How are we doing on our plan to use up older items in our pantry? My biggest
concern was canned goods…especially those we buy. By yesterday we had used 82 jars or cans from
our pantry…in a little over 10 weeks since the first of the year. I count jars of jam, jelly, honey, syrup,
meat, soup, pickles and relishes, beans, fruit and vegetables, whether home
canned or purchased. Those jars and cans
are generally sized for two people. I let my spreadsheet that I use for inventory to keep track of the jars on hand and what was used.
A nice little booklet available online
is Ball Brothers
“How to Use the Foods You Can”,
available to view and download
HERE. From 1924,
doesn’t have canning recipes, it has lots recipes and menu ideas to use your canned
food.
I like the idea that they encourage canning all year round to keep your jars full all the time. I can meats and soups in the winter after we have emptied fruit and vegetable jars canned in summer.
“What a
treasure a cupboard would be with a thousand Ball Jars of canned foods upon its
shelves. Learn to can the season through, while cooking. A jar of pineapple, some uncooked canned
strawberries,—cold-water processed rhubarb,—asparagus—tender carrots,—refreshing
fruit juices—the seasons through. But would that make a thousand jars,—and how
would they be stored? What of the Fall, Winter and Spring months—of the empty
jars that stand idle—the Fall and Winter foods that may be used to fill those
jars? Apples, citron, cranberries, the last green peppers, cabbages, green
tomatoes; fill the jars emptied in October; in November , fill as fast as they
accumulate with mincemeat, pumpkin and squash pie filling; in December, orange
marmalade, chutney and apple cranberry jelly or cranberry conserve can be made
for Christmas presents.” Ida
Bailey Allen, Ball Brothers Book “How To Use The Food You Can.” 1924
So we
traveled to our nearest Aldi to pick up some cases of canned items and produce. I recently canned chicken thighs and sale
hamburger into hamburger mix in March to help clean out our freezer so I can
defrost it soon, and I canned more bean soup and split pea soup this week, using
frozen sale priced ham shanks, to replace what we have used and to get more meat out of the
freezer.
I spent $54 dollars at Aldi…I
hadn’t been there since Thanksgiving.
Everything was at least 10% to 20% higher in price. I purchased 2 cases of mandarin oranges for $27.80 ($1.14 each), a case of chili beans for $6.60 (55¢ each), a case of peach slices for $11.78 (98¢ each) and a dozen 8 ounce tomato sauce cans for $3.72 (31¢ each) plus some celery and onions for my hamburger mix canning project.

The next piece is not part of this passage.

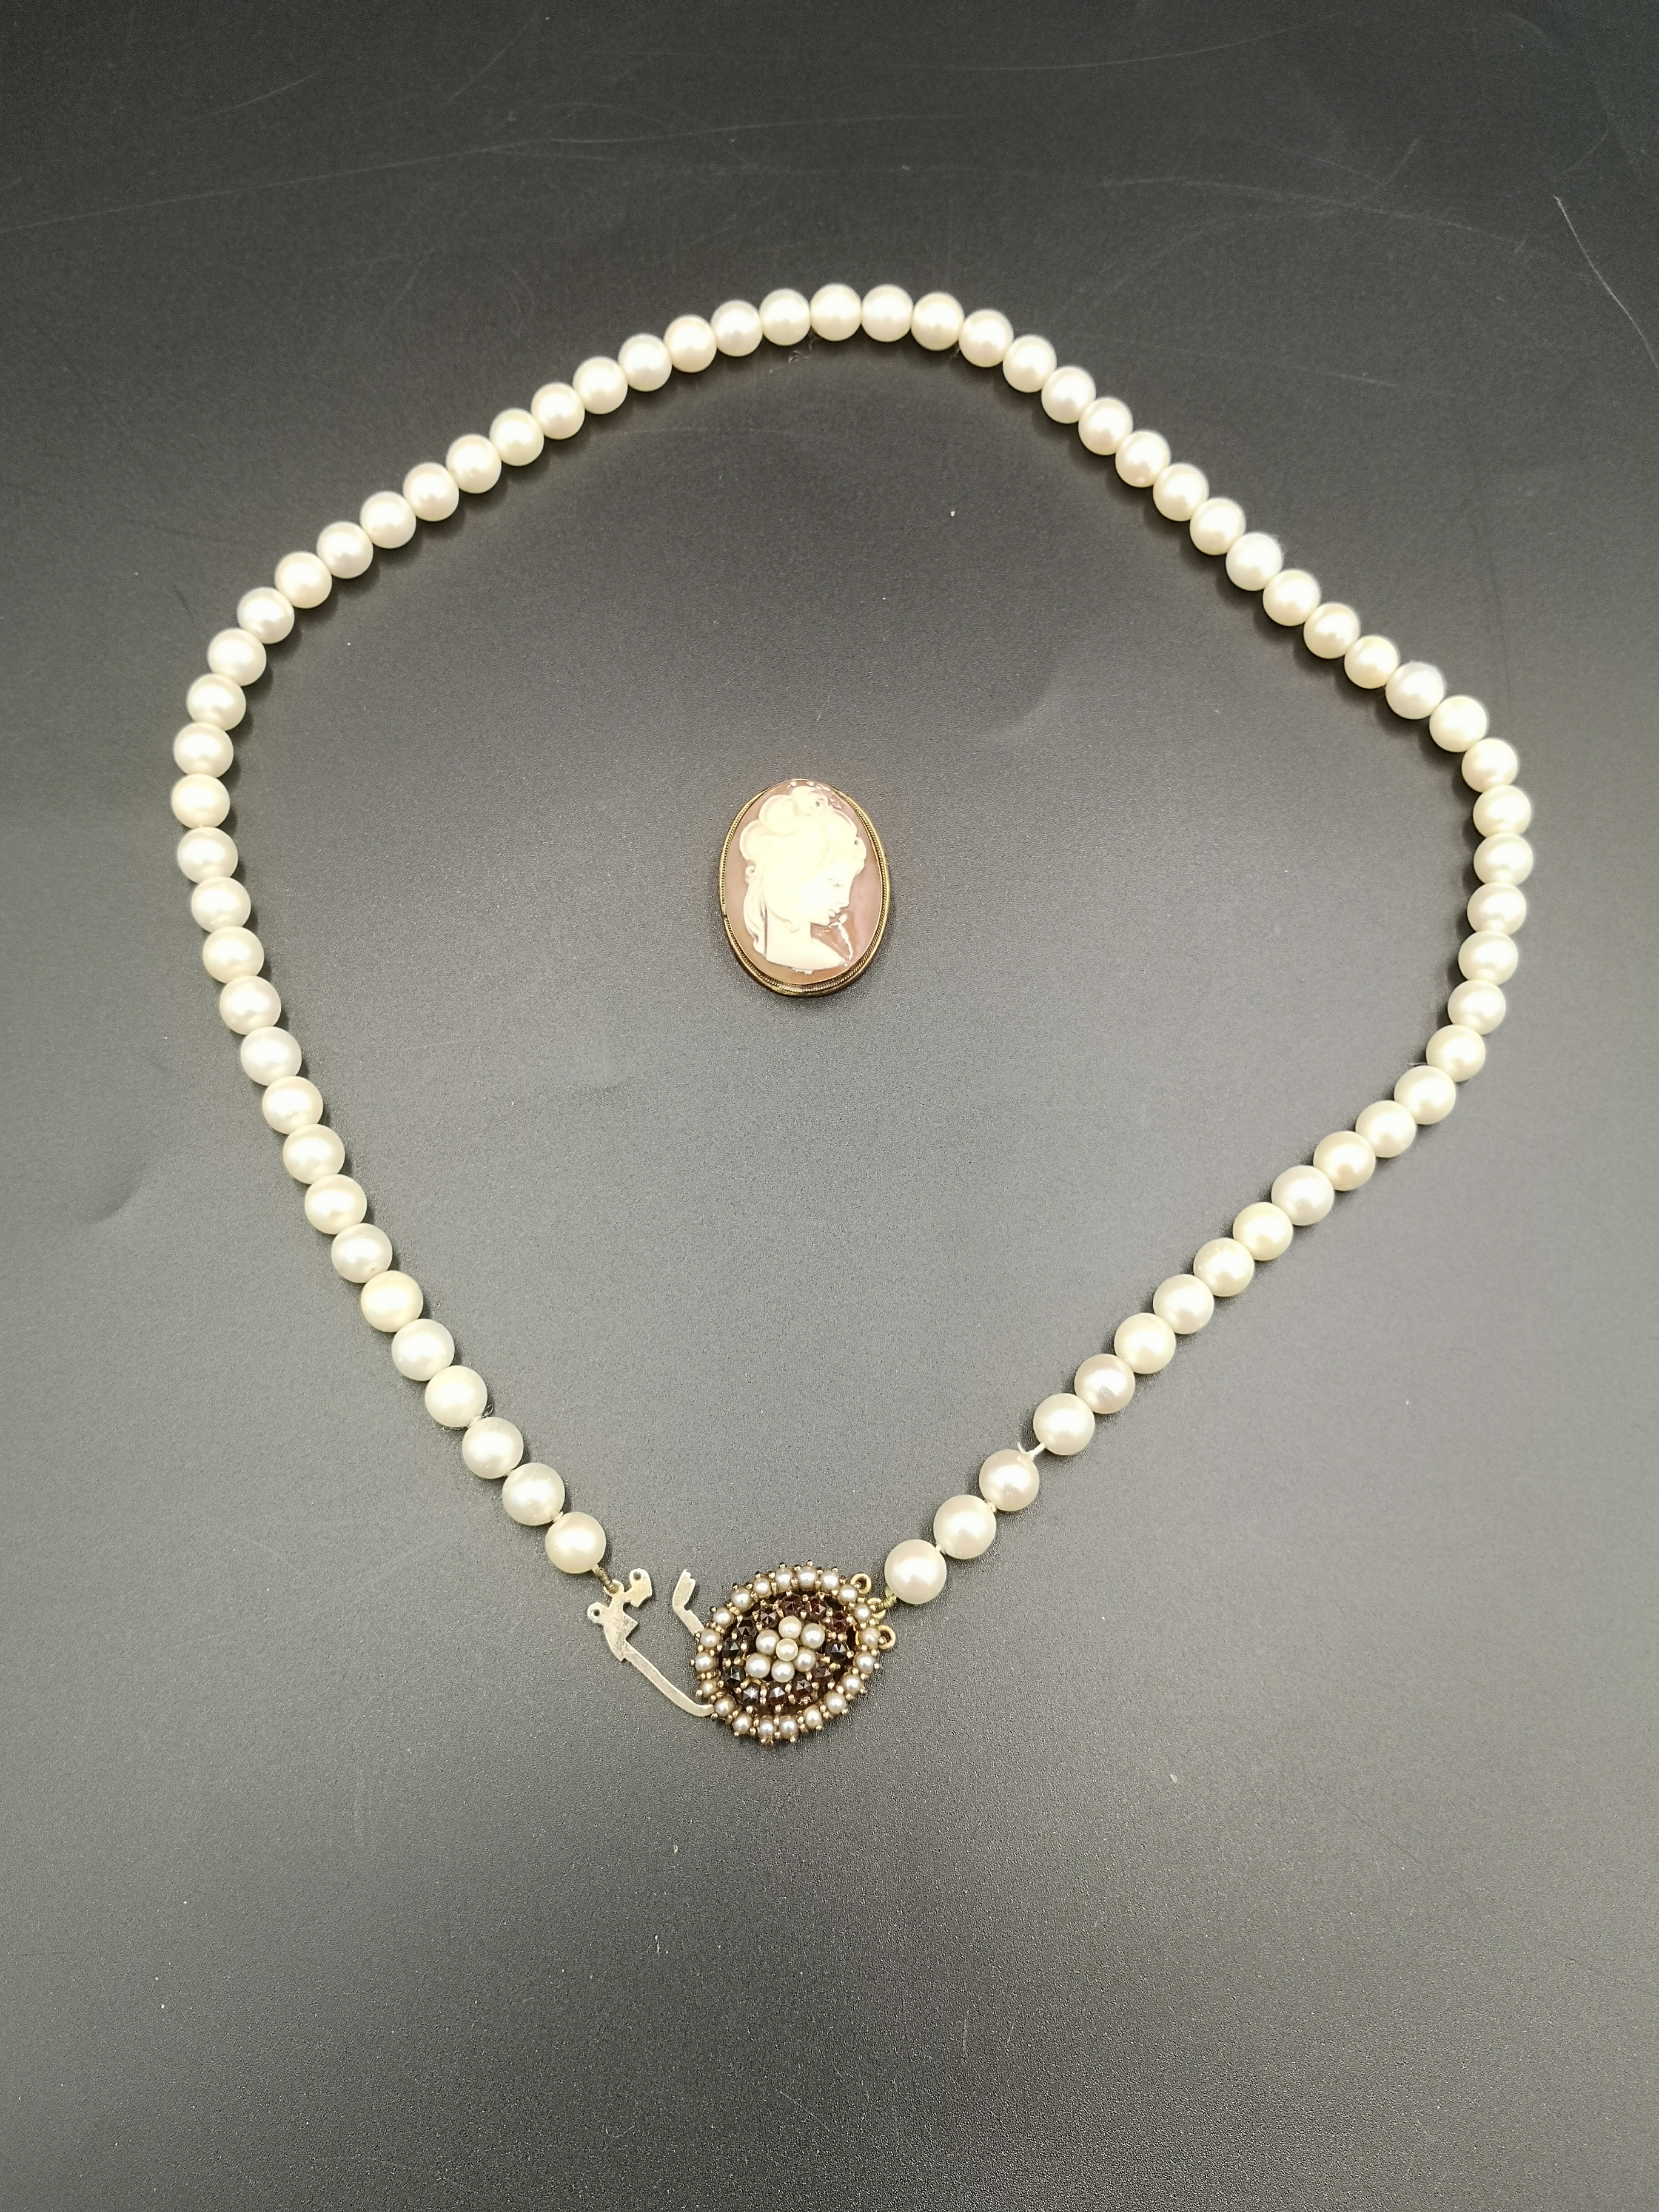 Cameo brooch together with a pearl necklace

Gas prices went up another 11¢ a gallon the next day.
We have used
all our canned goods that predates use-by last year, so we’re in good shape. Our pantry is mostly basic groceries we
use all the time: rice and barley, oatmeal and grits, pasta, dried peas, lentils and beans, flours, sugar, honey, seasonings and condiments in smaller amounts, and other baking
supplies and home canned and purchased canned goods. Most of the non-canned foods are bulk purchases. We have a freezer in our heated, attached garage.

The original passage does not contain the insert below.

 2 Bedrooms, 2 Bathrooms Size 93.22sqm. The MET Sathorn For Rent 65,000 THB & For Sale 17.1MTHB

We find canned goods are useful when we don’t
have power to cook as they can be eaten from the jar if necessary, and they
include liquid if you don’t have a water supply either in an emergency. And of course, they are shelf-stable, no refrigeration needed. It's great not to have to thaw anything before use, making last minute menu changes easy. The other plus is we rotate them into our
daily meals regularly. My mother and mother-in-law both canned and stocked a "fruit-room or root cellar" and we learned to help preserve and eat what our families grew.
Right now,
it appears that investing in a pantry has saved us money as we are eating at last year's prices, a better return than a bank account. I am replenishing the pantry at sale prices
whenever possible. I shop for the pantry
and freezer inventory and plan our meals from that instead of impulse buying at
the last minute. I have increased our level of supplies this time because of rising prices and uncertainty about what's ahead.

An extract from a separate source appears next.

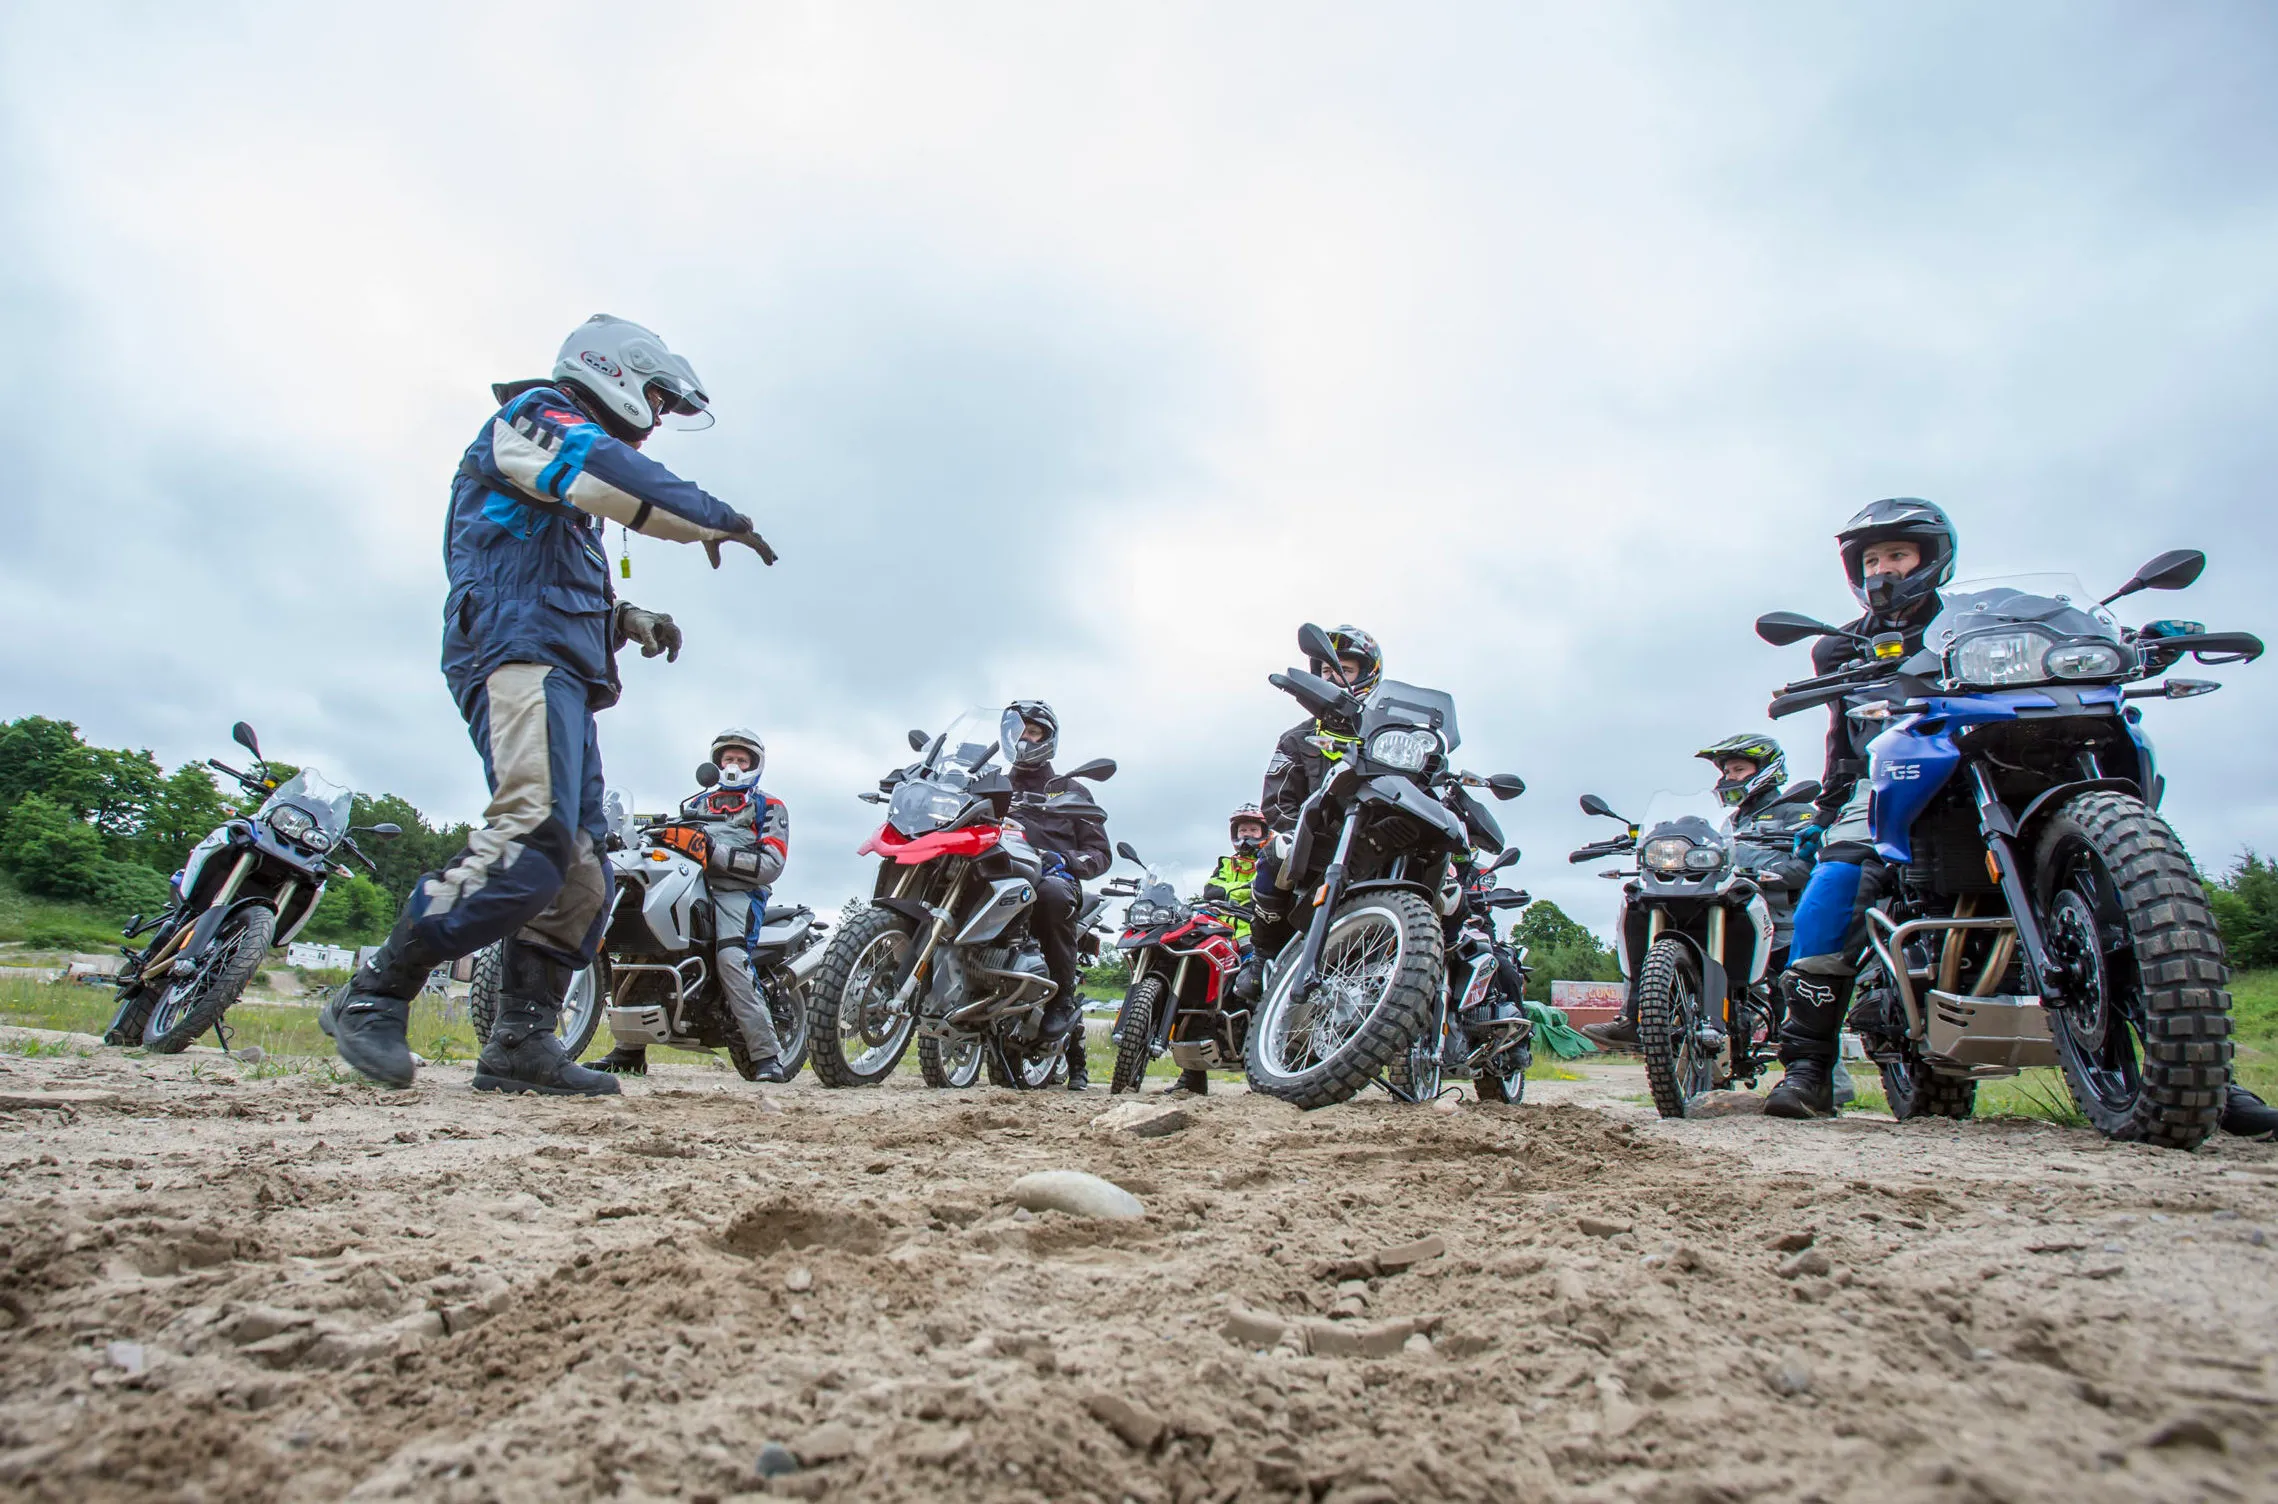 A Beginner's Guide to Motorcycle Adventure Riding

I have a homemade cookbook binder of recipes we like that use our canned and pantry foods, and some of those are "20 minute meals" so we aren't tempted to buy fast food. My husband helps by making coffee, setting the table, getting our dessert and salad on the table and cooking breakfast on the weekends, for example. Kids are good helpers with chores like this too.